Jones Disagrees

Diana Wynne Jones, who wrote some of the twentieth century's finest children's/YA fantasies and died this March, never seemed quite grown-up. Rather than being a dignified Major Author and Living National Treasure, she had the air of a mischievous teenager who just happened to have wrinkles (like the age-cursed heroine of her Howl's Moving Castle) and might at any moment do something outrageous. I remember Diana chatting at a convention, wearing a neck-brace – her health jinx had struck again – decorated, with permission, with a frieze of dancing nymphs by an artist from the Encyclopedia of Fantasy team. This seemed entirely logical.

As an expert fantasy practitioner she gave the Encyclopedia a helping hand, mainly through trenchant notes in the margins of overly pretentious drafts: "Bollocks!" Her favourite critical quote came from a student thesis about her: "Jones disagrees." This became a household catchphrase, frequently addressed to the cat.

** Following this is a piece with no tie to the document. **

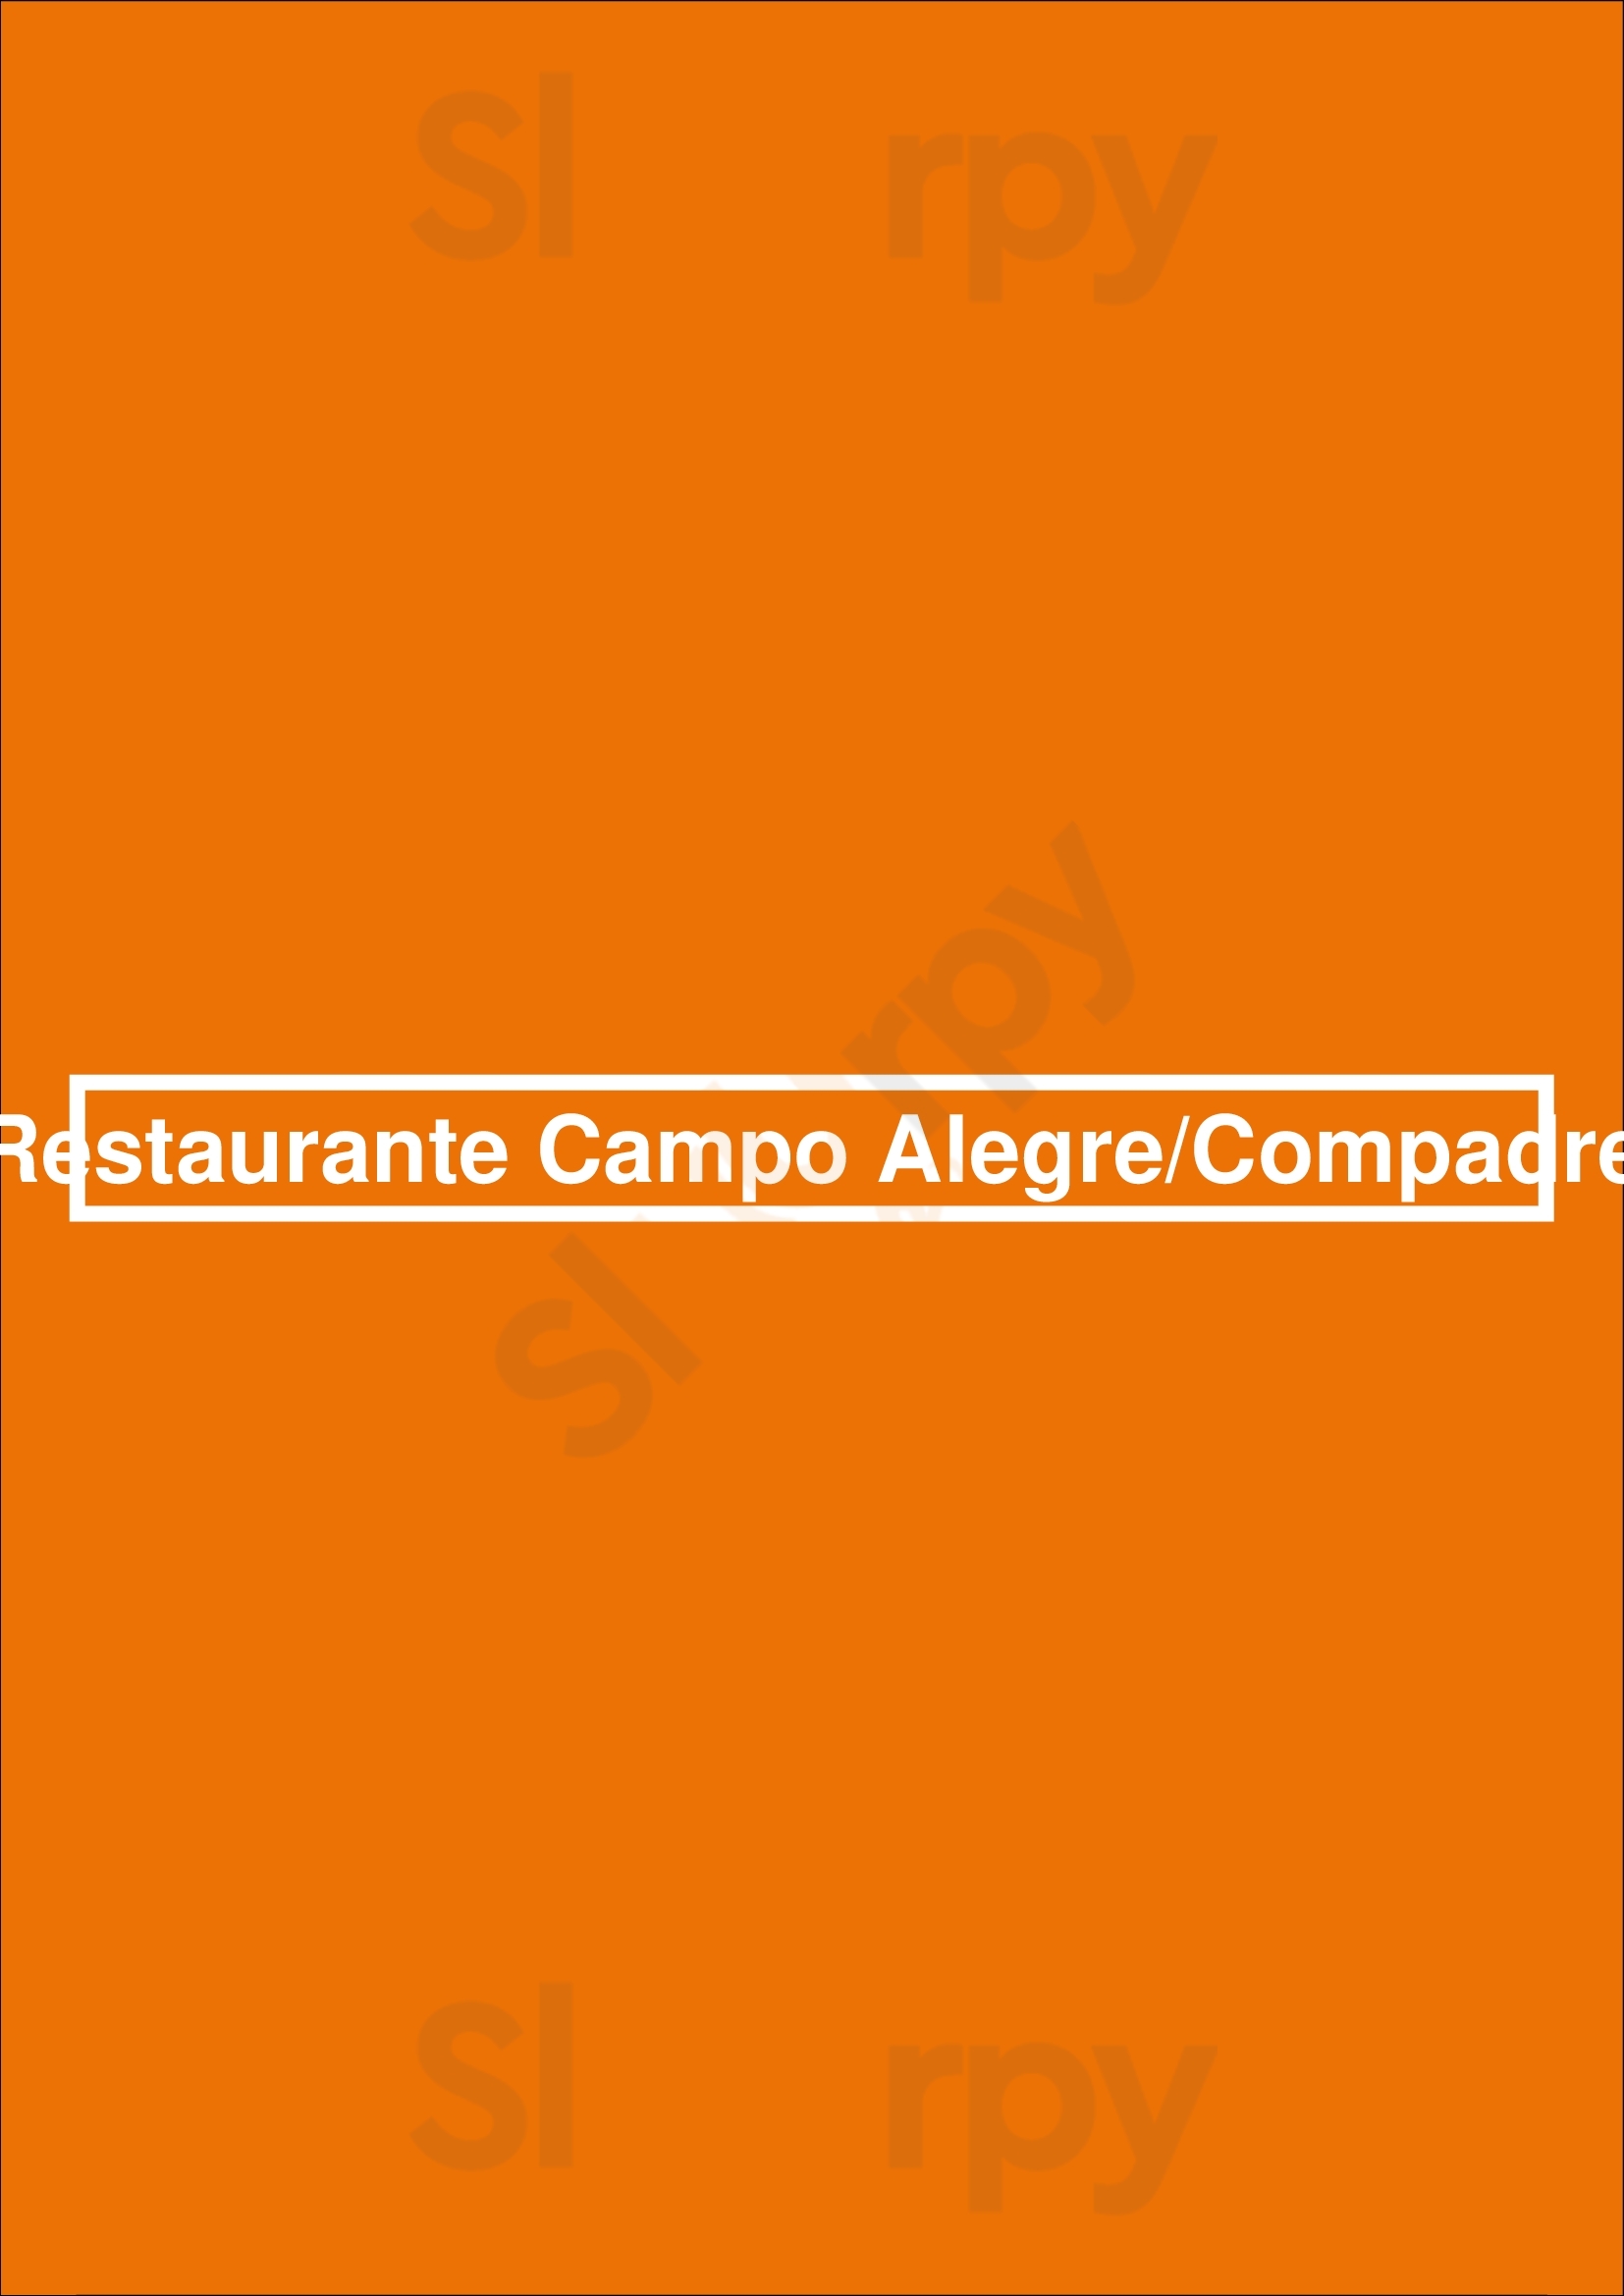 Restaurante Campo Alegre/compadre Porto Menu - 1

You must know her wonderful books: the Chrestomanci and Howl series, the Dalemark quartet, the hilariously daft Archer's Goon (adapted for BBC television), the genre-crossing Deep Secret (a fan favourite, containing a wickedly plausible SF convention) and many more.... Critics tried to pin down Diana's elusive magic; she read the results with fascination and was delighted by the tasty bits: "My favourite is the assertion that I am 'rooted in fluidity'. Obviously hydroponic, probably a lettuce, possibly a cabbage. A new light is cast." The critic, I'm told, was mortified.

It wasn't only Diana's health that was jinxed. She was convinced that disasters escaped from her books into real life. For example, there's a goddess in Drowned Ammet whose power is to raise islands: "The first time I went on a boat after writing that book, an island grew up out of the sea and stranded us." Even a visit to 10 Downing Street, when Tony Blair threw a party for top children's authors, included cursed canapés ("I took a rice thing from one of the small ladies and it came open and rice went all up my sleeve, like gummy little beetles.") and the dire political embarrassment of nearly getting trapped in the Number Ten loo.

Likewise the joy of publicity: "Did you know that the Daily Mail insists that all women have to be photographed in a skirt? And not in black. I had to buy a skirt." And again: "The feisty photographer from SFX decided that the best and most typical pose for me was halfway down the stairs to the hotel toilets, where she had me leaning against the wall idly toying with a beer bottle. Now what gave her that idea?" Some of my happiest memories of Diana are from convention bars....

Jones was still Disagreeing in her last email to me. She'd seen the proceedings of a learned seminar on her work, which she'd been too ill to attend: "the whole set of speeches from the DWJ conference (that I most miserably failed to get to; now I am glad: I would have shot upright from the audience and announced 'Jones disagrees' like anything). Anyway, these speeches had now been tidied into articles and I read them and found myself most thoroughly Derridaed and Foucaulted and always referred to as 'the Text'. In future I shall have to say 'The Text disagrees'." And she signed off in a Welsh sort of way, as Jones the Text.

Now the memories and the highly rereadable texts are all we have. If only Diana were here to disagree.


David Langford isn't much consoled to know that two final books (one short fantasy, one essay collection) are awaited.